There is absolutely no suggestion of any wrongdoing by Paratici while he has been working for Tottenham. Paratici, like Agnelli, has not made any comment on the investigation or the ruling.
The Athletic posed a series of questions to Tottenham — about the due diligence they performed when hiring Paratici, if there was an assumption he could be cleared, if they will launch an internal investigation as to whether similar practices have taken place at Spurs, and whether Paratici will now be suspended or sacked. They have declined to comment.
FIFA, anticipating an appeal process, has yet to receive an official application that bans be implemented beyond Italy. The FIGC would have to submit one to the governing body’s disciplinary committee under article 66 of its disciplinary code.

Fabio Paratici, pictured with manager Antonio Conte, was appointed at Tottenham in 2021 (Photo: Getty Images)

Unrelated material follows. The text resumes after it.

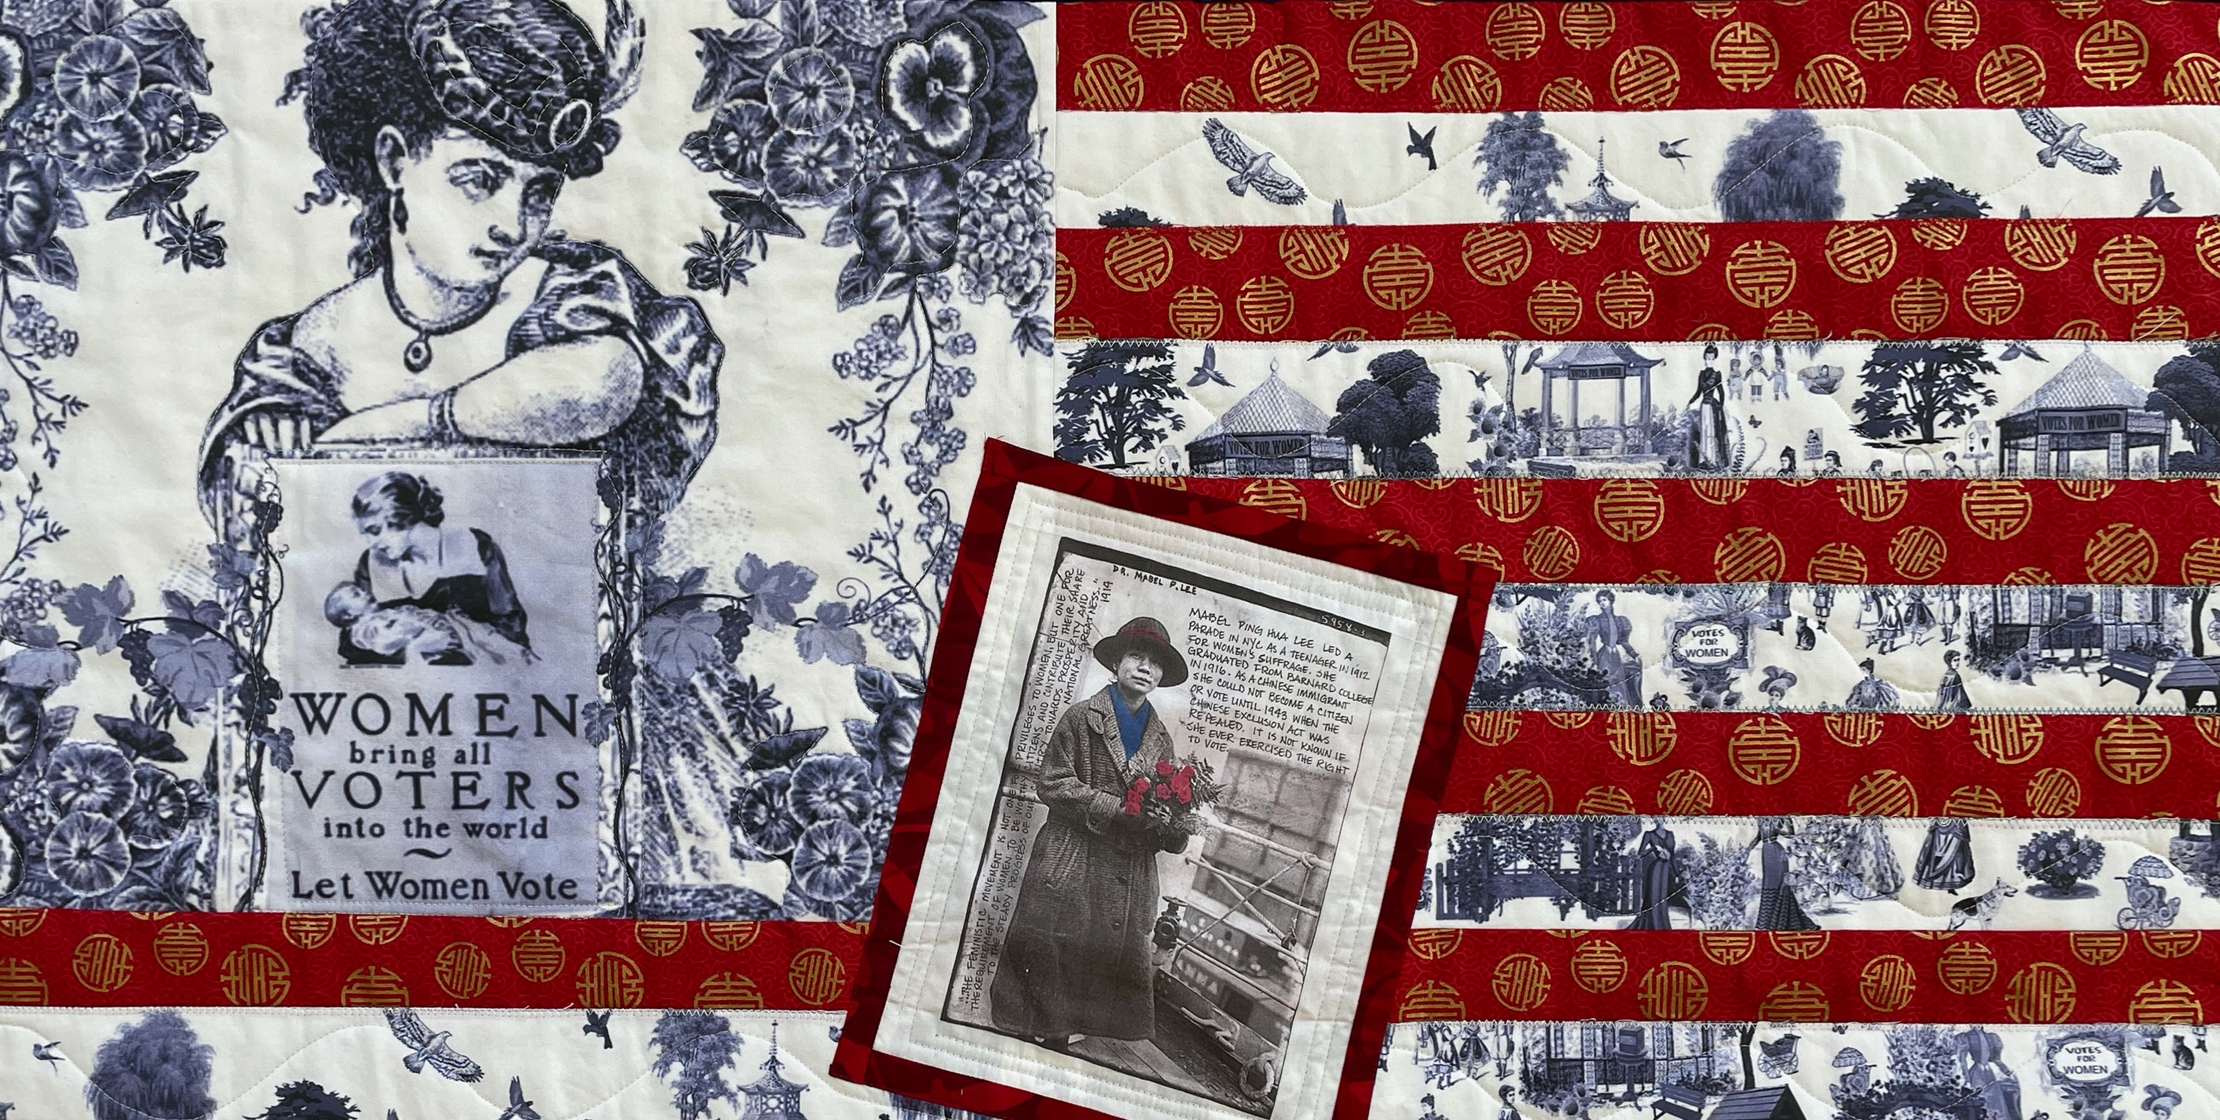 A quilt blending elements of the American flag with historical portraits of women.

Could this affect Tottenham off the field?
This new development throws Tottenham further into turmoil in a stuttering season amid growing fan unrest at ENIC, the company that owns Spurs, and the question of head coach Antonio Conte’s future intensifying as well as potential future investment.
The Athletic took a deep dive last year into the long-term plans of Levy and ENIC, and has reported that representatives from Qatar Sports Investments (QSI) met with Levy to discuss the possibility of investing, although the club denied earlier this month that any talks had taken place over a minority stakes sale.
What is clear is Paratici’s importance at the top of Spurs’ football tree.
His relationships in the game have helped facilitate successful signings and though Levy is still involved in some recruitment operations, he has been a more elusive figure at the training ground, leaving day-to-day football matters to Paratici.
It simply can’t be business as usual for Tottenham.
What happens next?
Juventus must first await those official ruling reasons.
They will have a month to appeal to the Italian Olympic Committee (CONI), the country’s regulating body for sport.
CONI can only rule on whether or not the FIGC and court of appeal followed procedure correctly. If they are found to have done so, the punishment and bans will be upheld.
But this process is separate from the civil case and that first hearing for the Prisma investigation in March will also loom large.
The new Juventus board is a slimmed-down, five-member version, with accountant Gianluca Ferrero replacing Agnelli as chairman, but weighty problems remain and will do so for a while yet.